1 upvote 0 discussions

“Forget big data, focus on good data.” This is one of the top 2018 trends cited in a recent report by Outsell.

But how do you know which data is good?

Big data became a buzzword a few years ago, and now we’re close to being able to use aspects of it for advertising. Through this transition, marketers have grown skeptical of third-party data, because they can rely more on their first-party data to drive their advertising buys.

But first-party data does have its limits, and third-party data is still a necessary component to facilitate advertising campaigns at scale. After all, first-party data doesn’t reveal much about interests beyond the specific brand to which the data belongs.

As is the case with many emerging fields, standards typically do not exist in the period of innovation. Right now, there aren’t any industry standards to help guide marketers on online data.

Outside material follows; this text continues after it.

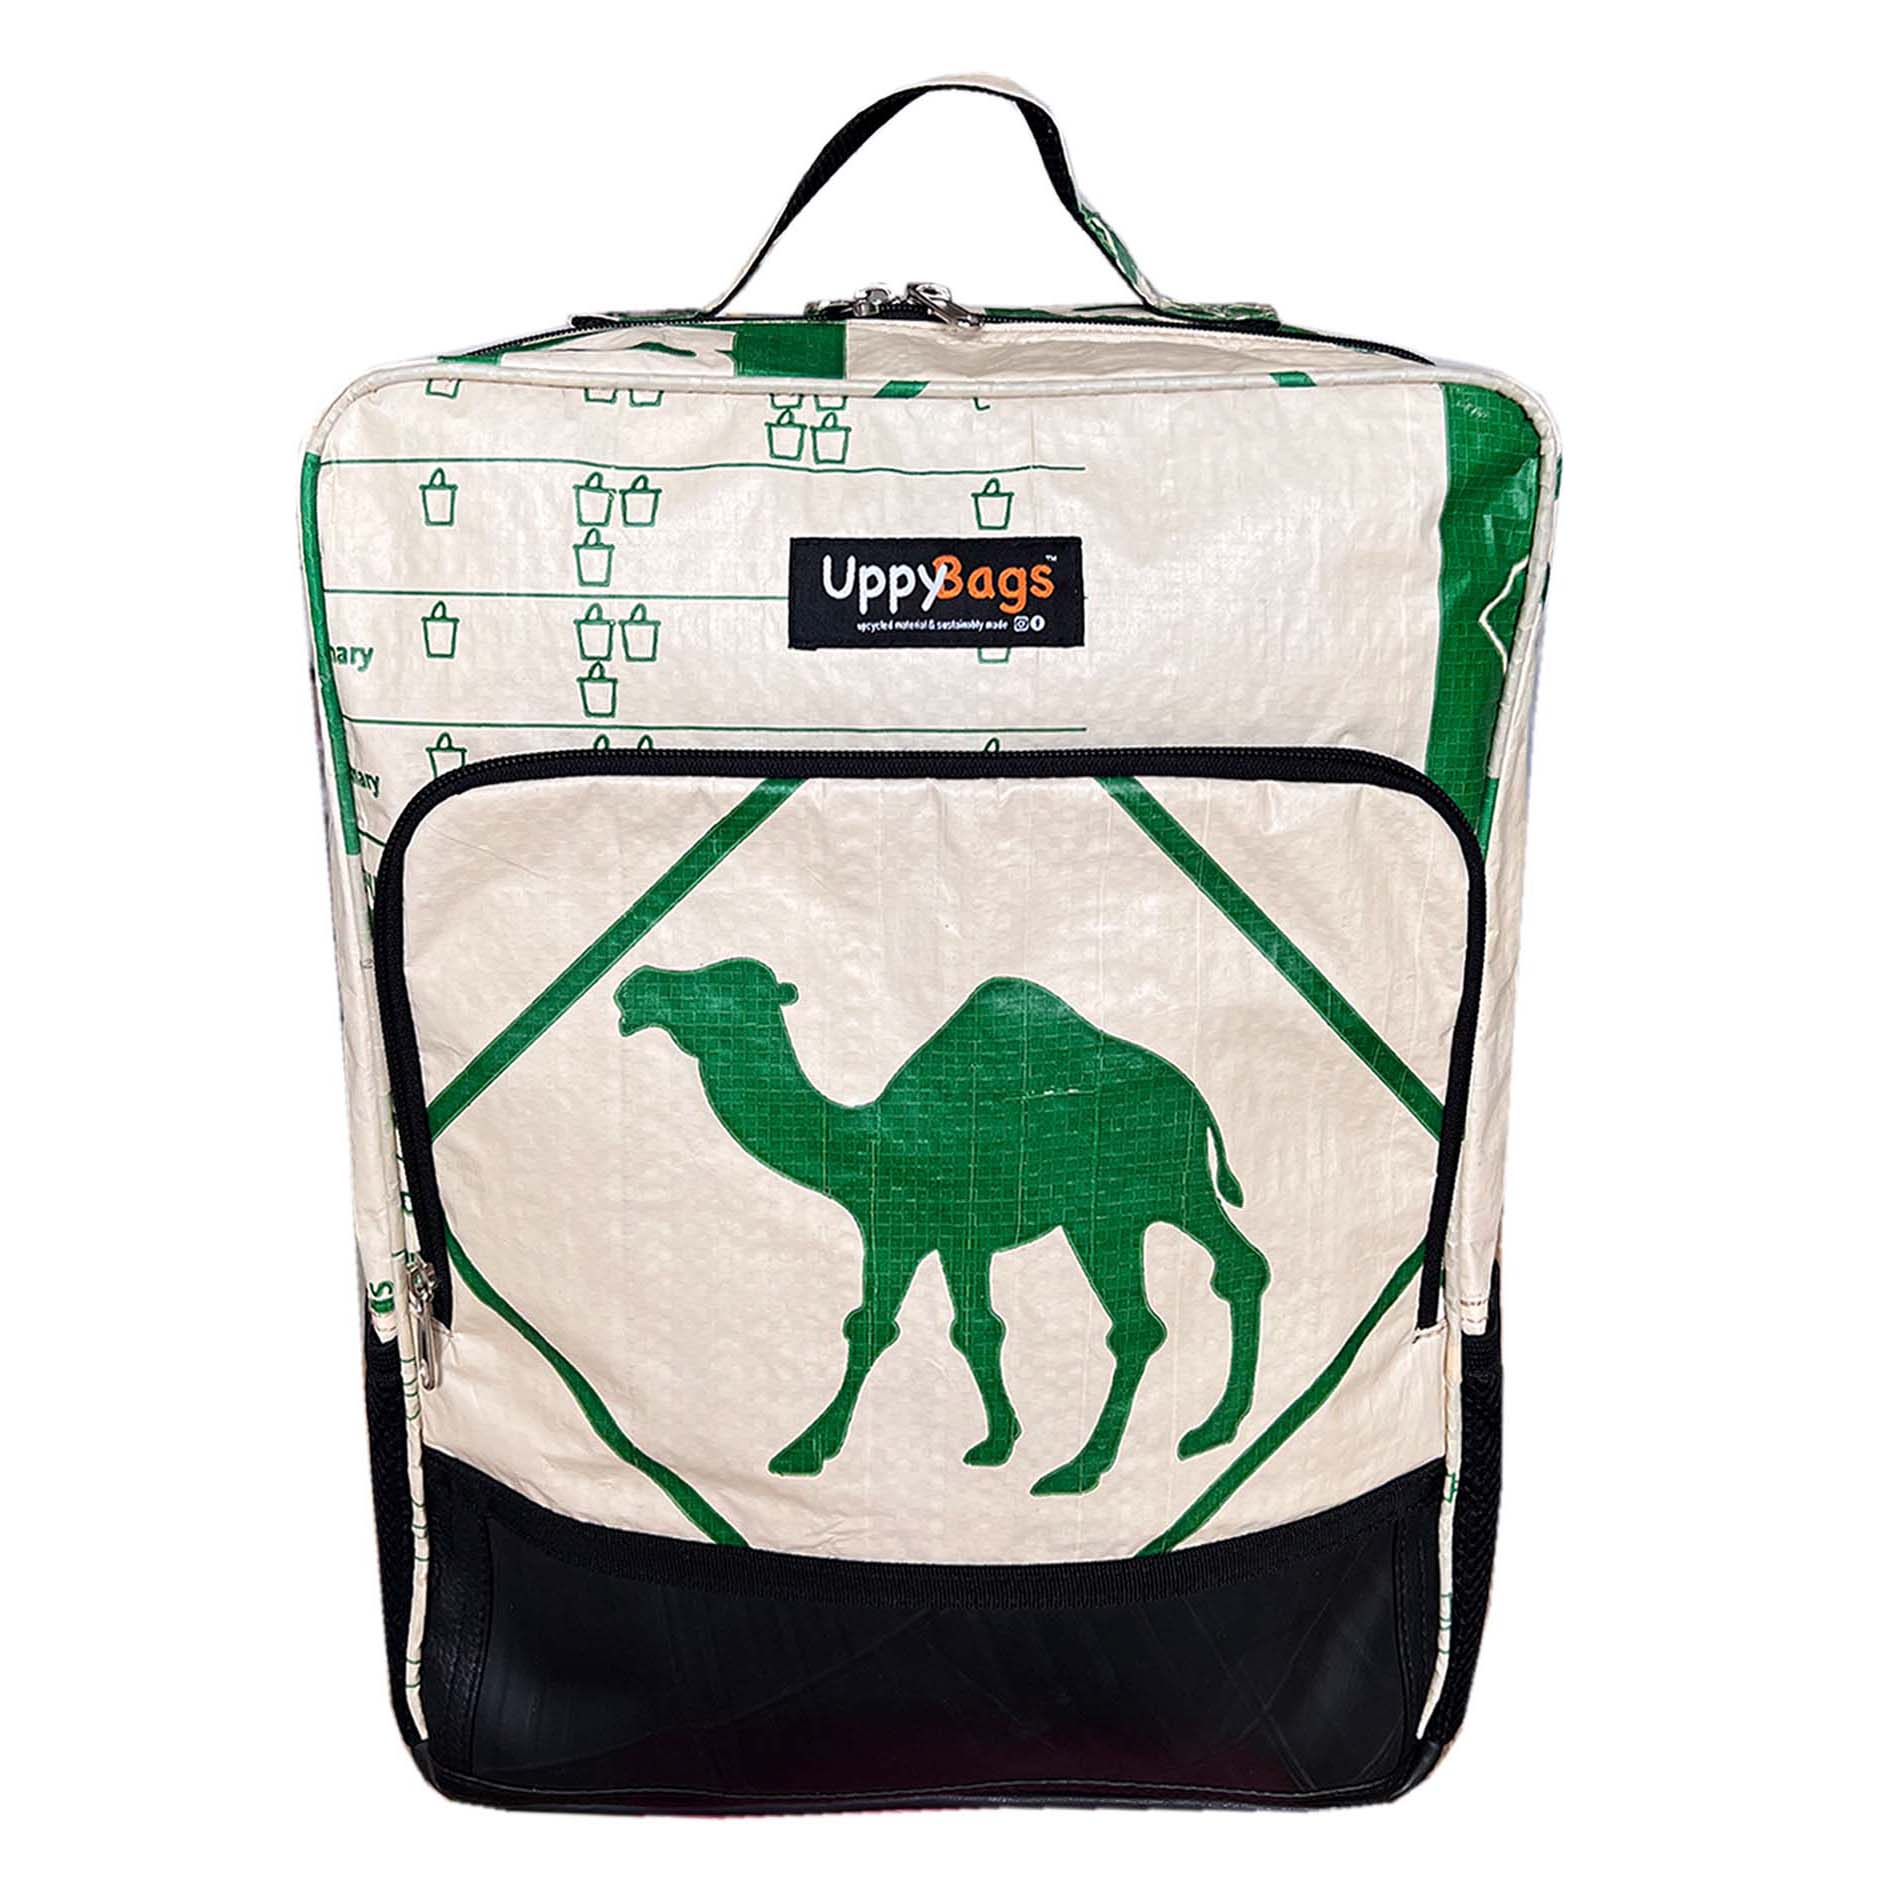 Recycled backpack UK, ethical bags UK, recycled material backpack with animal print. Laptop backpack, work backpack made of recycled material with elephant and green camel print UppyBags

Some initiatives have been proposed, but there are no universally accepted auditing measures or official authorization bodies that certify data. With that said, there are certain best practices that help to ensure data quality.

1. High-quality data scores

Having an understanding about where data is sourced is a good way to discern good quality data from the bad.

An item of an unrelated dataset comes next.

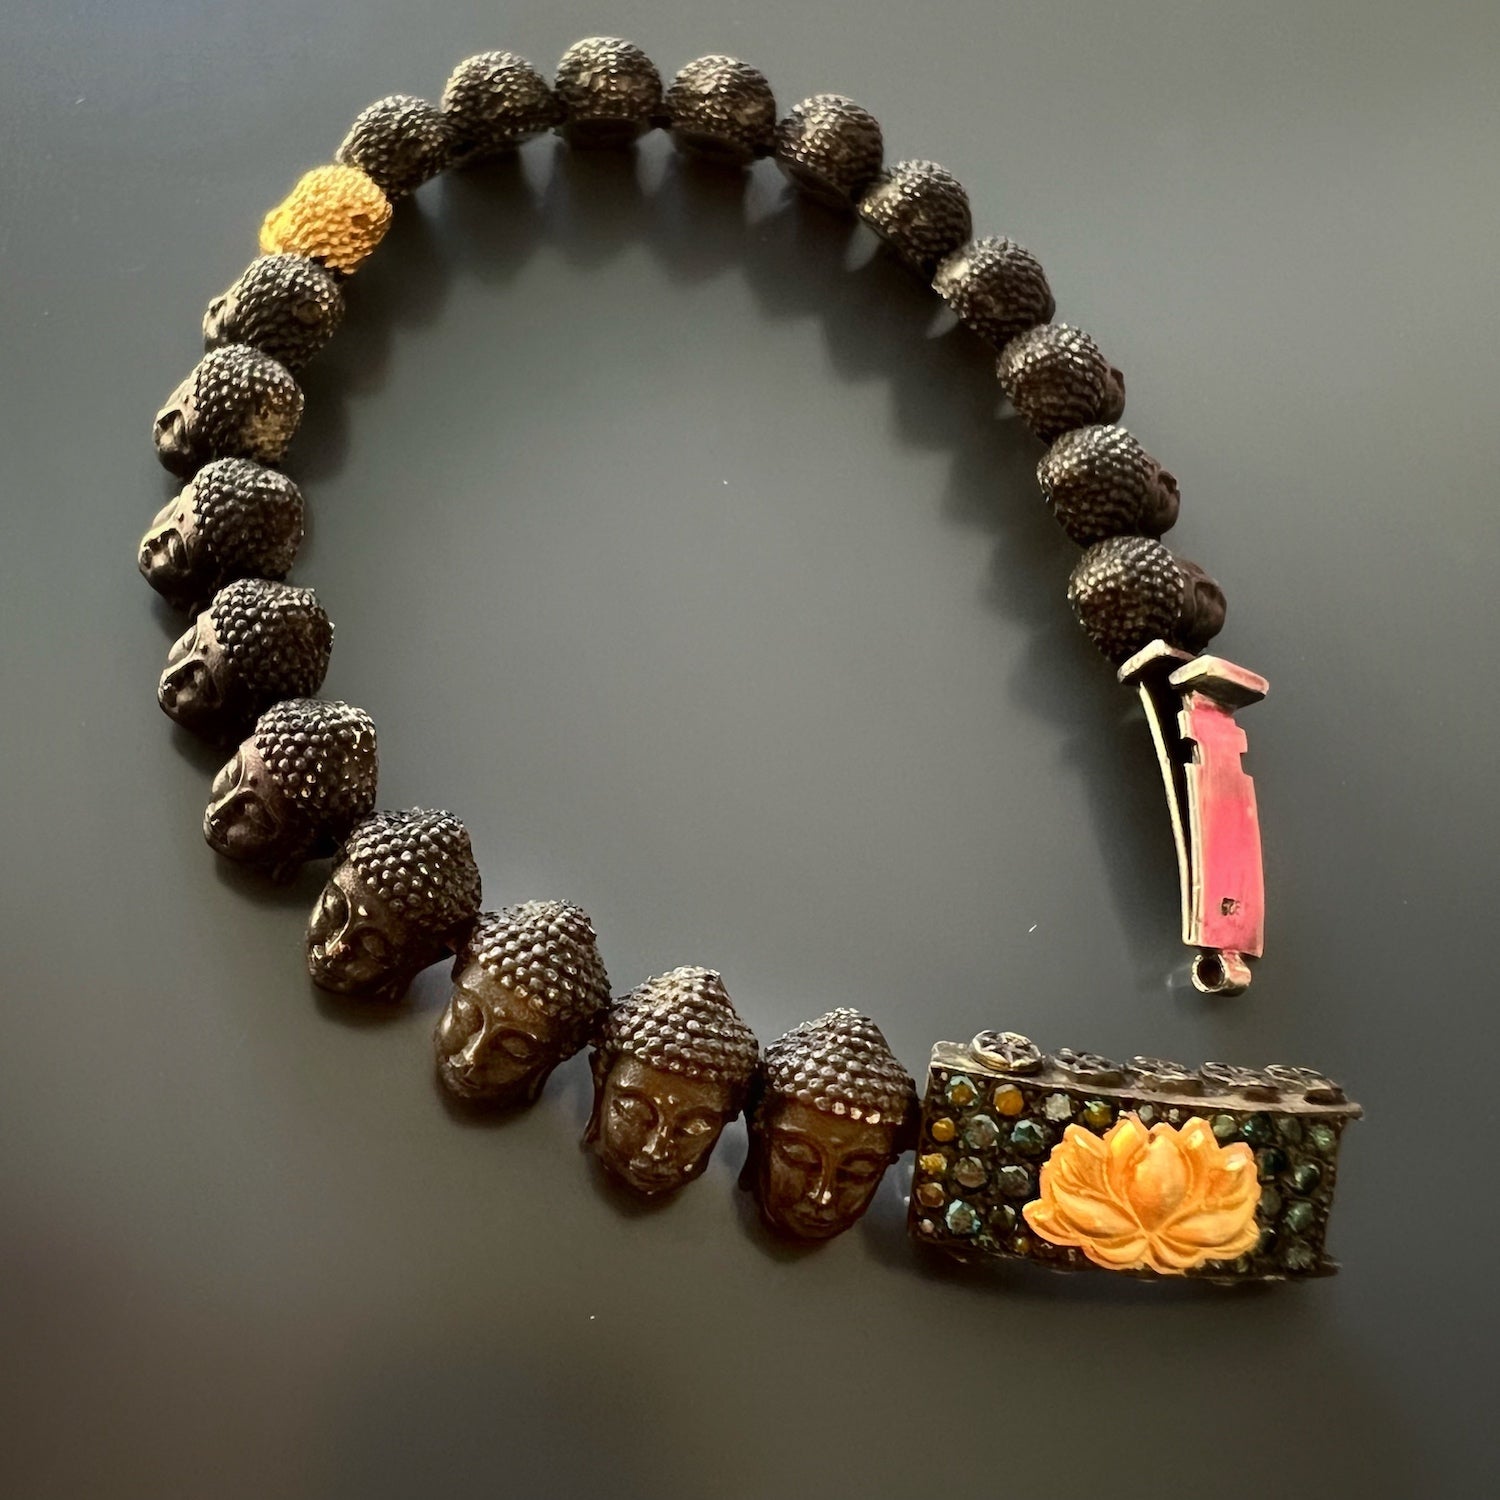 Custom Sizing Available - Contact us to personalize your Gold Lotus Buddha Bracelet.

Marketers should be asking about the data provider’s methodology for incorporating data attributes and ensuring that data is being compiled from trusted and verified sources.

2. Consumer privacy

Does your data provider take a proactive approach toward protecting consumer privacy?

While there aren’t any universally agreed upon standards for third-party data, privacy standards have been in place for a long time, and it’s important to use data that upholds consumer privacy guidelines.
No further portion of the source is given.